President Donald Trump has undertaken a lot of efforts to make our trade agreements fairer to U.S. businesses. The fact is that many needed updating. He has done this with China, and it's nice to hear that candidate Swann would help him in these efforts. Many others in today's GOP, including Rep. Brady and our own current Rep. Bill Flores, are doing the same.

But to hear and read that she would have known in 2000 what was ahead is laughable.

FLYNN ADCOCK

Bryan


Socialism and capitalism give high standards of living

Decrying the evils of socialism and the policies of former presidential candidate Bernie Sanders and the dogmas of Karl Marx and Friedrich Engels are not based on historical or current-day realities.

Extreme examples of socialism and its failures in Germany (National Socialist) and the Union of the Soviet Socialist Republics were due, in part, to their autocratic and insane leaders.

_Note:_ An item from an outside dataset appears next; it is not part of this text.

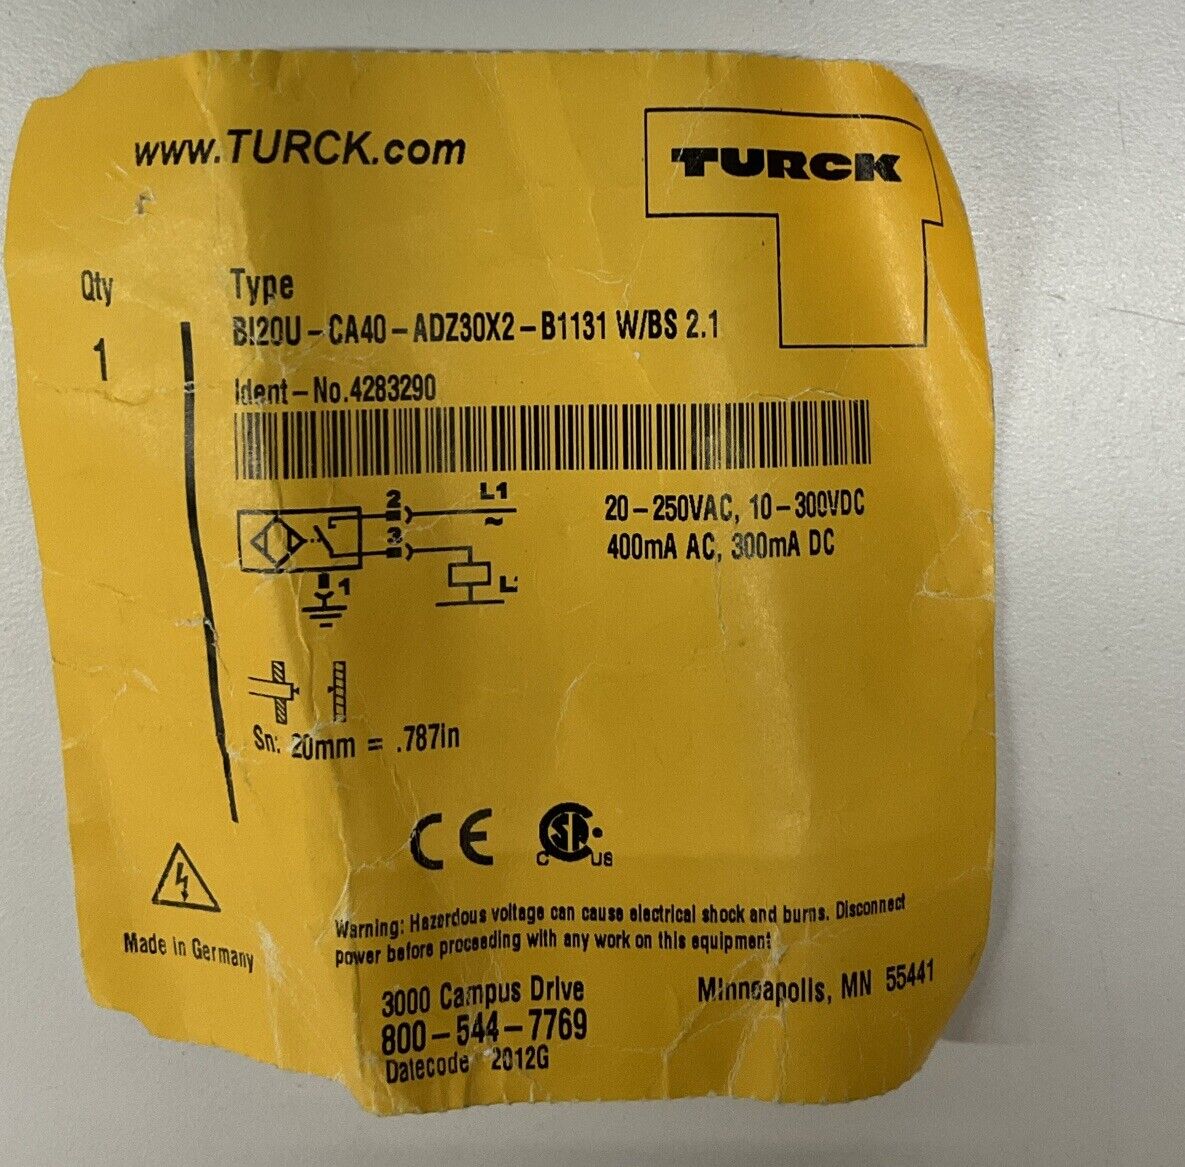 Turck Bi20U-CA40-ADZ30X2-B1131 Proximity Sensor SN:20mm (RE250) - 0

A pure "socialist" form of government in which production and property are community owned is not uncommon and includes the early Christians after the death of Christ and also the Israeli kibbutz settlements. Most developed countries have a combined democratic/socialist/capitalist system in which democracy is universal and there is a balance between socialism and capitalism.

This balance varies between countries. For example, socialist policies in the United States include Social Security, Medicare, Medicaid and veterans' care. The country-specific balance between socialistic/capitalistic emphasis continually is changing but the successful melding of these two different philosophies has produced the highest standards of living for its citizens. Let's hope this continues.

STEVE SAFE

College Station


Article on Atlanta shooting showed the typical AP distortion

The front-page article in The Eagle about the Atlanta shooting said, "The Wendy's was set aflame at one point Saturday night, although the fire was out before midnight."

The implication is that firefighters saved the building. It was destroyed. Typical AP distortion.